I would love to see some photos of the end result. :beer:


----------



## eurotrash2000 (Apr 15, 2011)

*tubular*

most likely gonna want a tubular


----------



## impulse byer (Mar 8, 2003)

anything going on with this?


----------



## eurotrash2000 (Apr 15, 2011)

agreed are these for sale yet would liek to see them ?


----------



## Conejo Negro (Apr 3, 2007)

Pics!?


----------



## rabbitchaser (Sep 20, 2004)

im in for a tubular to, not sure what turbo im going to run, i run a t3t4 now, but im looking to have my 8 valve close to 600 whp in the next year.


----------



## fastrabbit (Jan 17, 2002)

this is my twin scroll i build for my holset 



















I could be talked into building a couple ram horn style manifolds if the deman is there 

:thumbup:


----------



## Conejo Negro (Apr 3, 2007)

Ill take one with a t3 flange! srsly pm me


----------



## rabbitchaser (Sep 20, 2004)

im in for one two.


----------



## fastrabbit (Jan 17, 2002)

looks like i need to order some pipe.


----------



## rabbitchaser (Sep 20, 2004)

Pm me a price on the manifold with a t3 flange this is in a mk2 by the way


----------



## Glegor (Mar 31, 2008)

Streettoys2000 still builds tubular manifolds as well, just letting you guys know... 

i have a modified streettoys2000 "space saver" manifold on my diesel, and it rocks.. 

T25 flange to mate up to my VNT20, but he makes them with T3, and i believe even T4 flanges as well..


----------



## JakRabit (Aug 8, 2003)

i am going to start building them also and trust me there is only one size piping for the mani. If you go too big it will lag badly. Unless someone out there is trying to make over a 1000 whp then stick with the size i make them with. I made 600 on my mani with a old school 35r at 28psi. Once again do your homework on what makes power. What happened to the original poster its been almost 8 months ? I dont think they are going to make manifolds anytime soon by the looks of it.


----------



## rabbitchaser (Sep 20, 2004)

jakrabbit im really wanting to run your manifold and cam shaft, im looking to make 600 hp out of my aba for next drag season. 

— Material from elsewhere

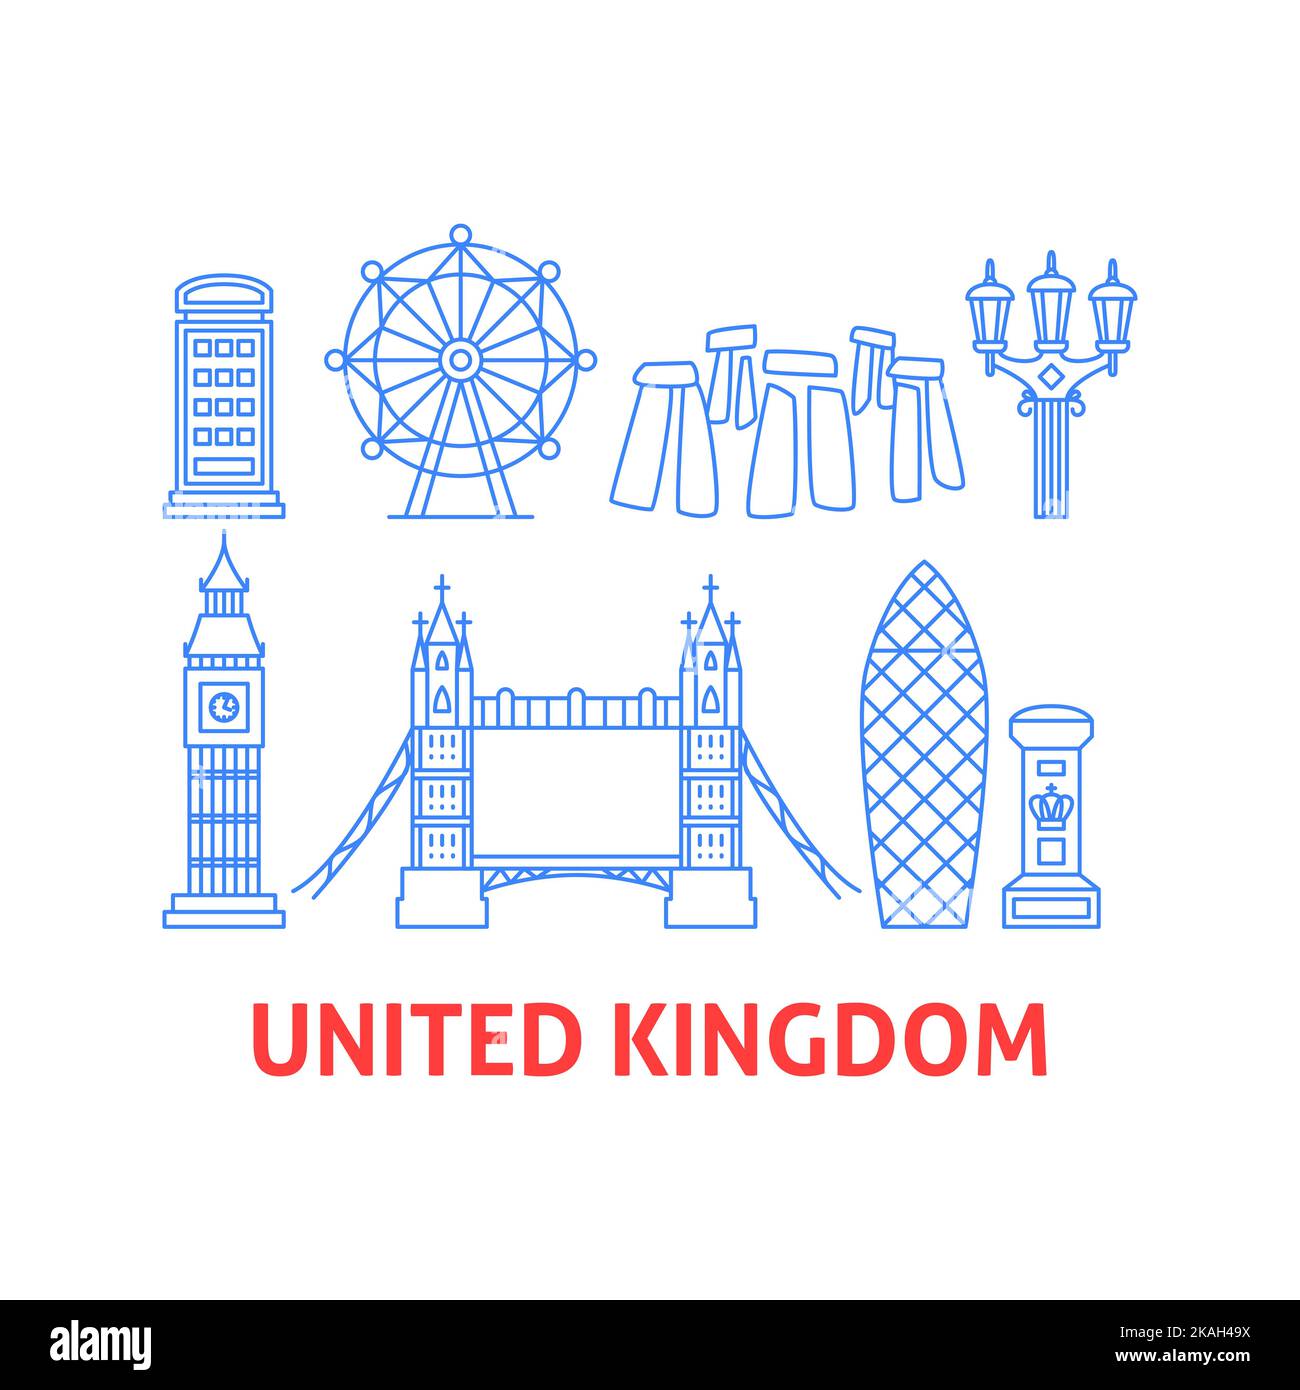 United Kingdom Line Objects Stock Vector

will be in a fully stripped mk2 weighing in at 2000pounds.


----------



## PBWB (Sep 12, 2004)

JakRabit said:


> i am going to start building them also and trust me there is only one size piping for the mani. If you go too big it will lag badly. Unless someone out there is trying to make over a 1000 whp then stick with the size i make them with. I made 600 on my mani with a old school 35r at 28psi. Once again do your homework on what makes power. What happened to the original poster its been almost 8 months ? I dont think they are going to make manifolds anytime soon by the looks of it.


 I thought it was 547whp at 28psi on a dynojet? 



rabbitchaser said:


> jakrabbit im really wanting to run your manifold and cam shaft, im looking to make 600 hp out of my aba for next drag season.
> 
> will be in a fully stripped mk2 weighing in at 2000pounds.


 Same here, but mine has been in the works for 4 years now. :laugh:


----------



## Conejo Negro (Apr 3, 2007)

any word on these manifolds?


----------



## PBWB (Sep 12, 2004)

Apparently people are yelling barefoot, because there's all talk and no walk.


----------